After Edward left-slamming the door behind him-I buried my head. As the sobs wracked my body, the sound was lost in my pillow. I cried until my head hurt and I felt like I was going to be sick . I rushed into my bathroom, just barely making it to the toilet. I felt a little better I gotback into bed and covered myself up, only my head was showing. This was our first fight; this was horrible. I didn't want to lose him. I needed him like I needed air to breathe.

I hear a knock at my bedroom door. "Come in," I softly say. It's Emmett. He looks at my face with concern.

"First fight, eh?" He asks.

"Yea." I wimper, fighting back tears. I try not to cry; I know how much tears bother him. He told me once that it makes him feel helpless.
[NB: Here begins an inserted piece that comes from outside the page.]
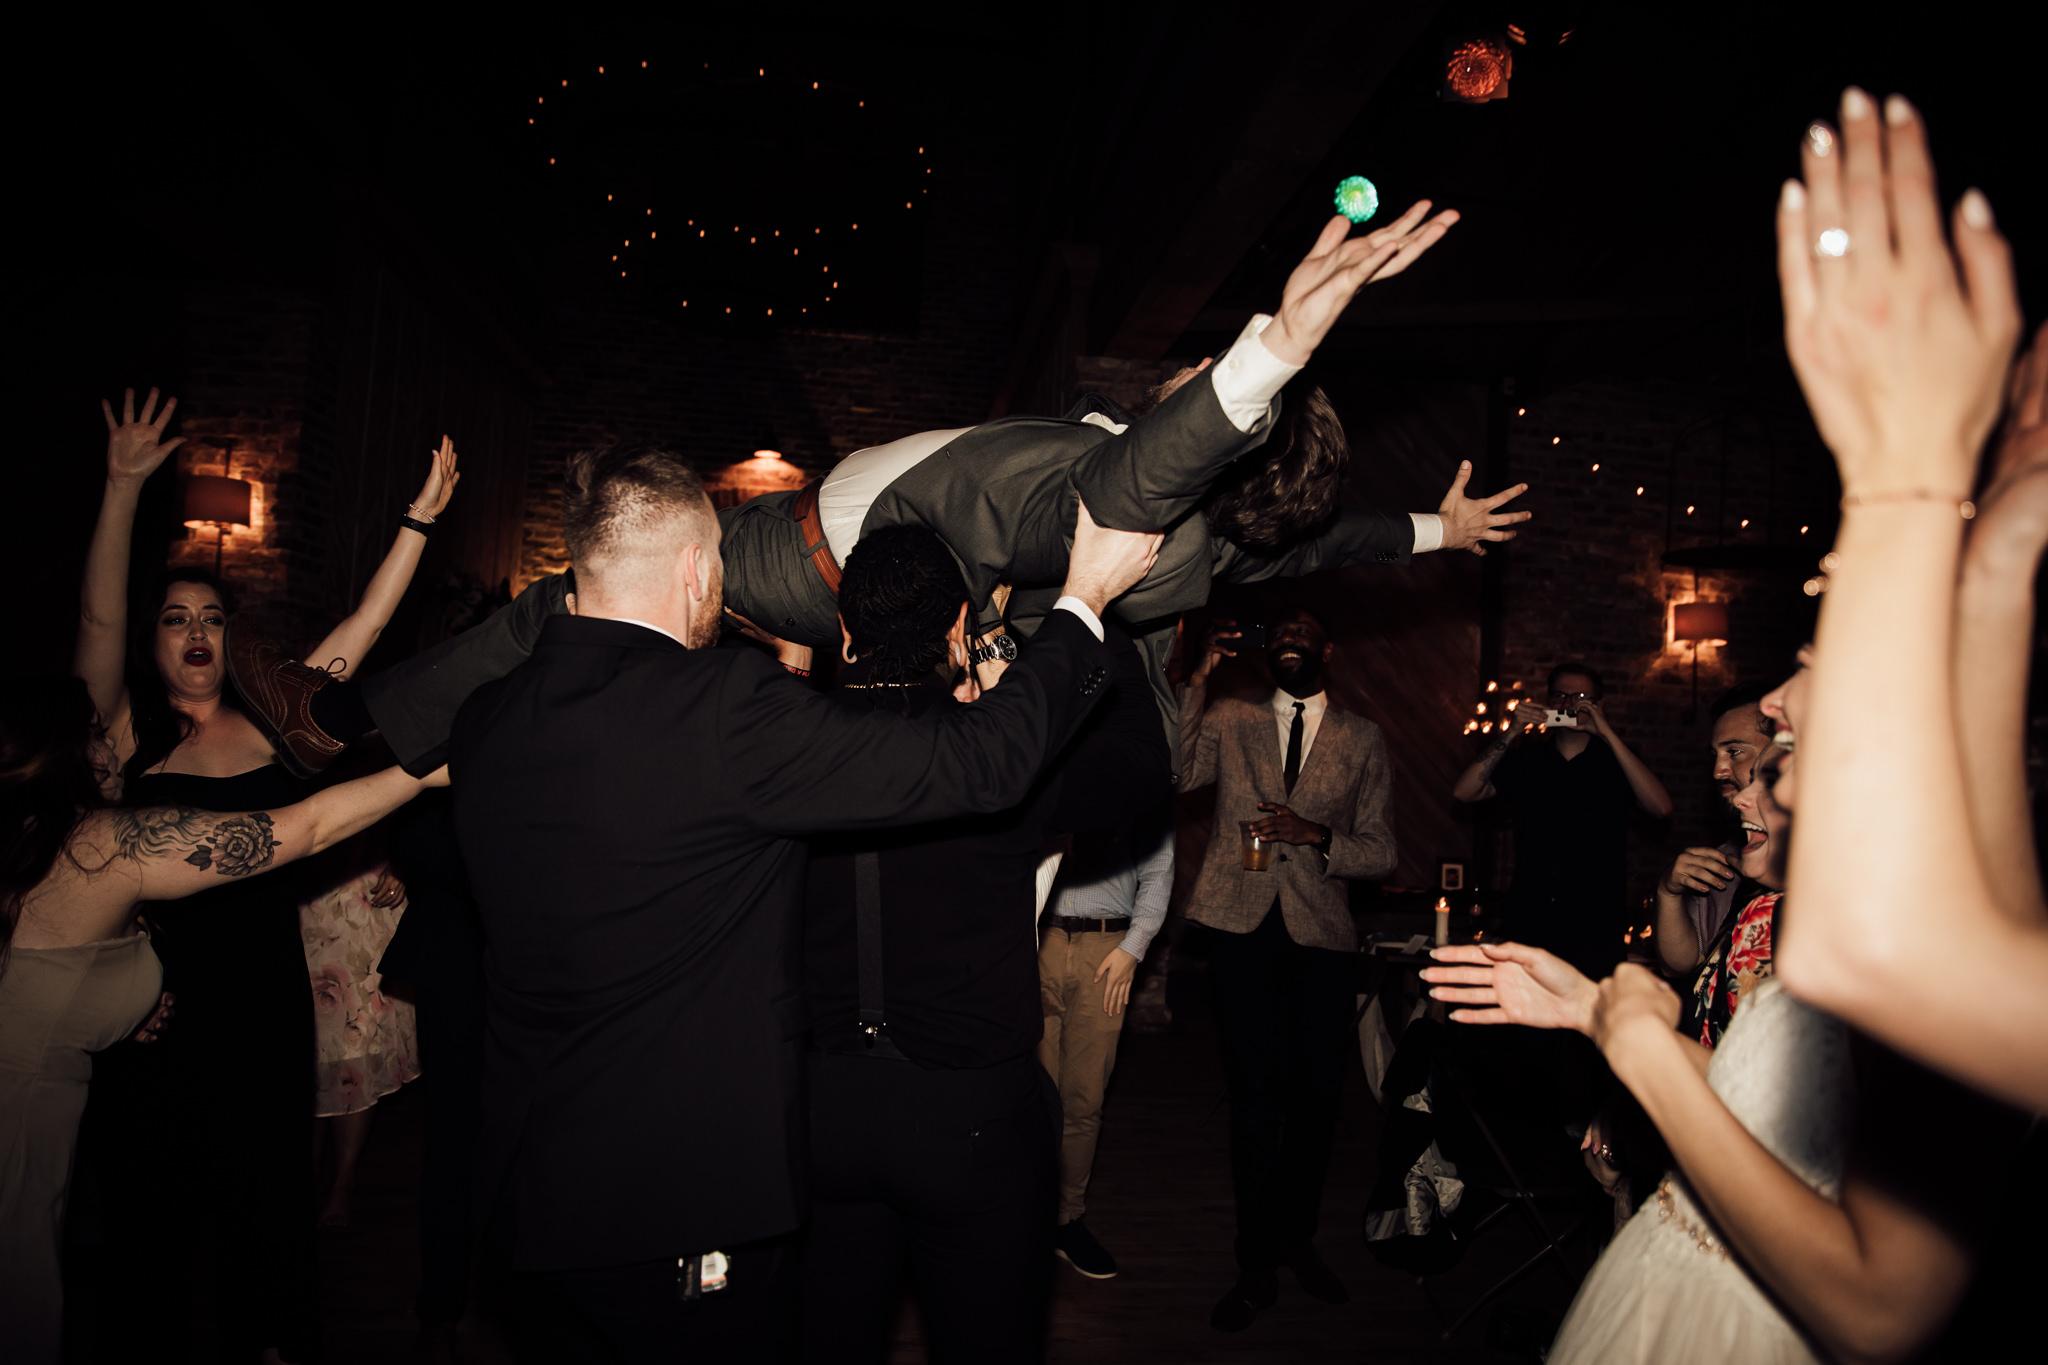 phantom-canyon-brewery-colorado-springs-wedding-photographer-484.jpg

"He was pretty upset when he left, sis. I know-as well as you should-how much he cares about you. I won't pry, it doesn't feel right to in this case. Just know-he's just as upset as you. He's better at not showing it, that's all. I could tell it was eating at him. You two will make up, not break up. Remember that," he says as he ends his pep talk.
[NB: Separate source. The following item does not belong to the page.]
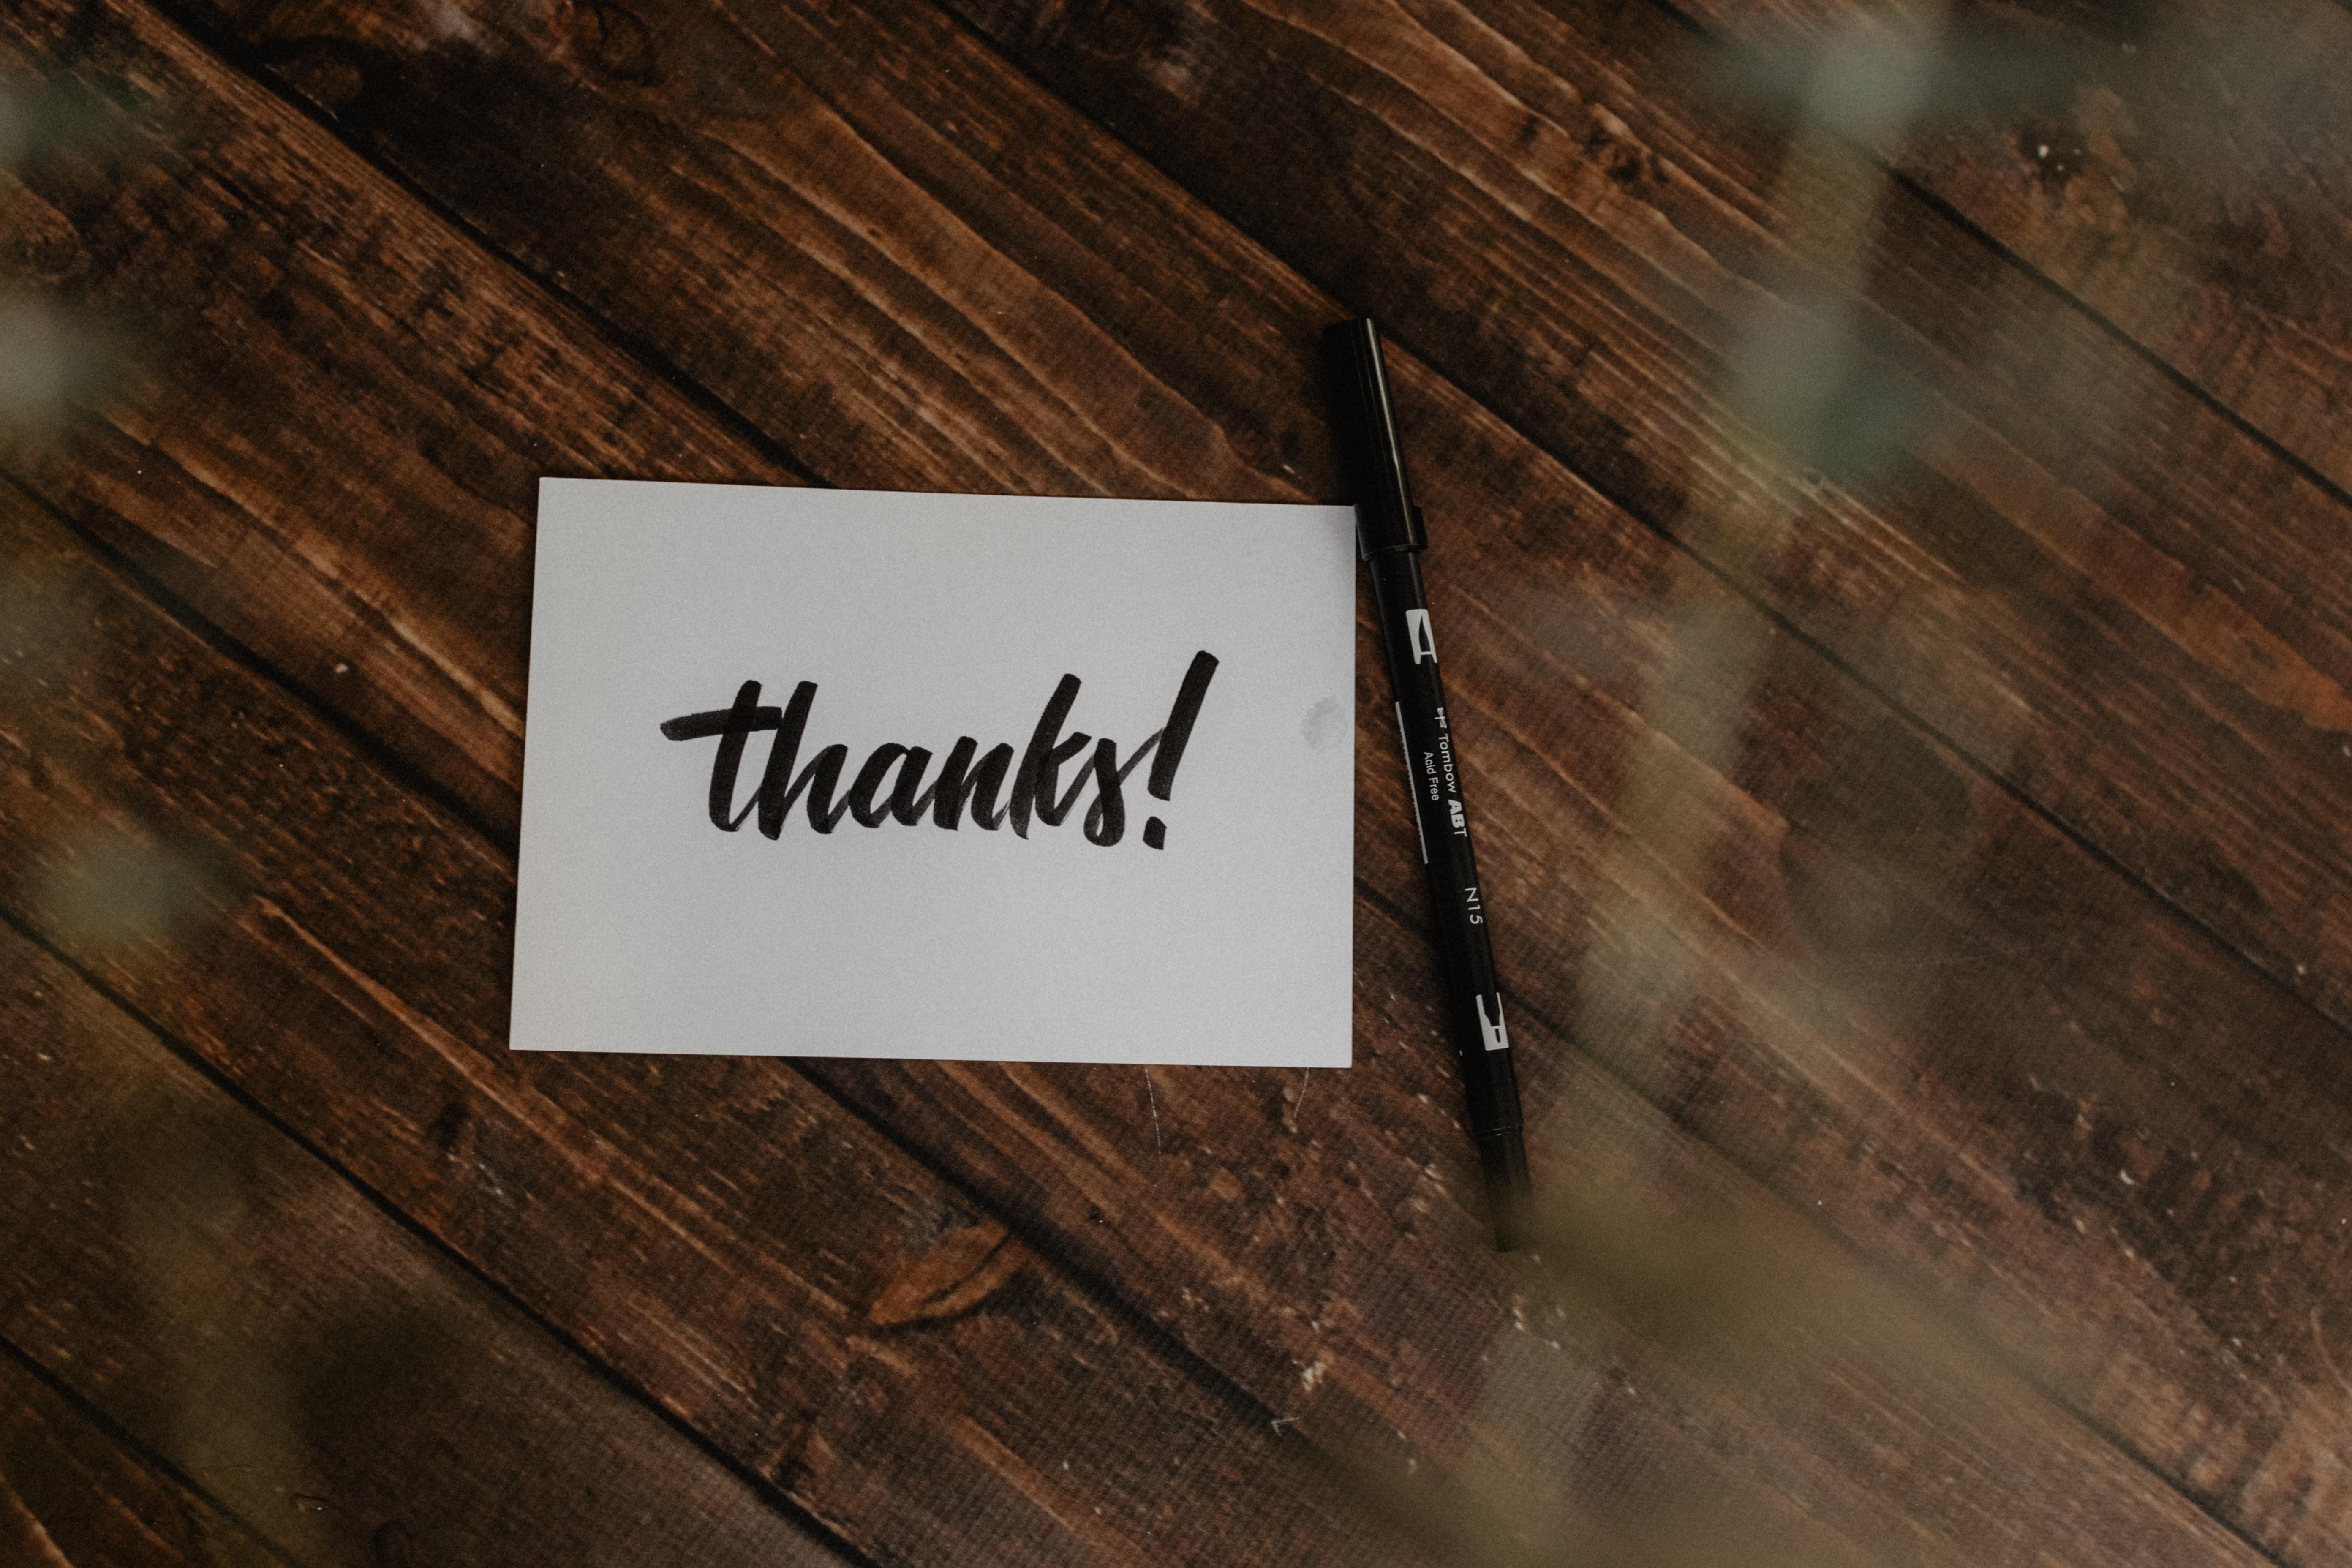 Thankfulness - Practicing Gratitude

"It doesn't feel like we will make up," I whisper.

"It's your first fight, it won't feel that way." He replies.

"Now, go wash your face and dry those eyes-it's suppertime. And, yes, you are eating."
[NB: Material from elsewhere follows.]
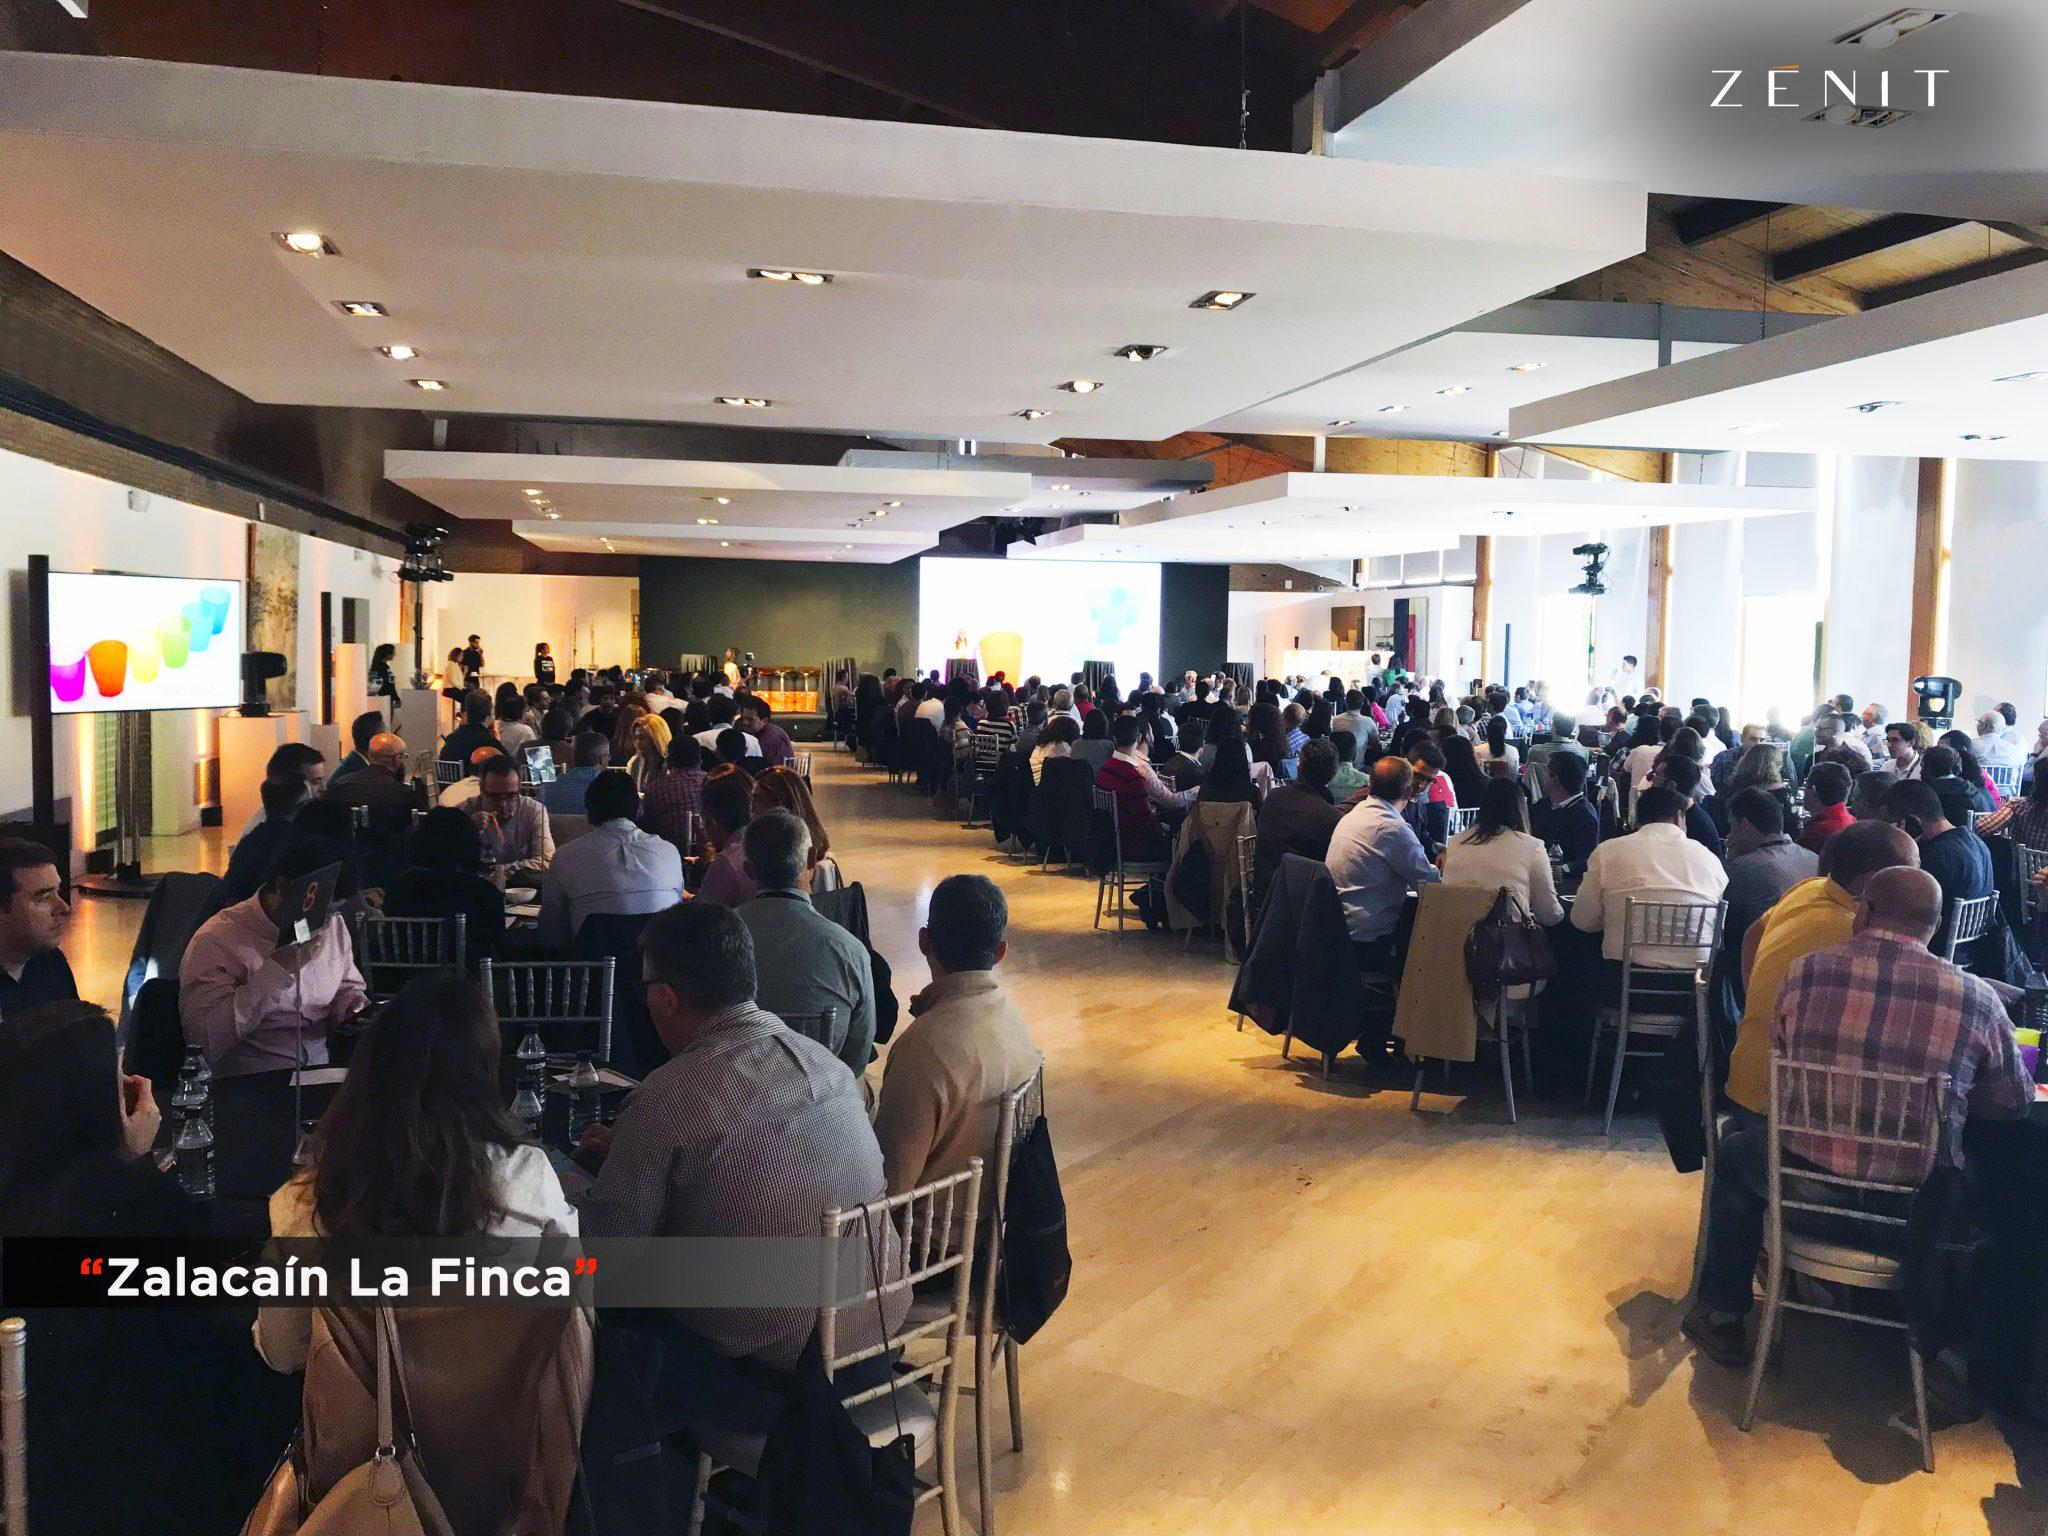 Zenit Event Experts. Zalacaín la Finca.

I huff and stomp to the bathroom. I do just as he had said and make my way back to my big bubba.

"There, now you kinda look like my lil' sis again," he lets me know.

Great. I must of looked pitiful. I real doubt I look much better now. We head down the stairs and towards the diningroom. Mom and Dad are already seated and supper is on the table. I sit through dinner quiet as a mouse. I eat whatever we had for supper without ev ven looking at it. I didn't even know what we had. I helped Em clean up afterwards. I politely asked if I could go on upstairs to bed. I feined a yawn and they let me go.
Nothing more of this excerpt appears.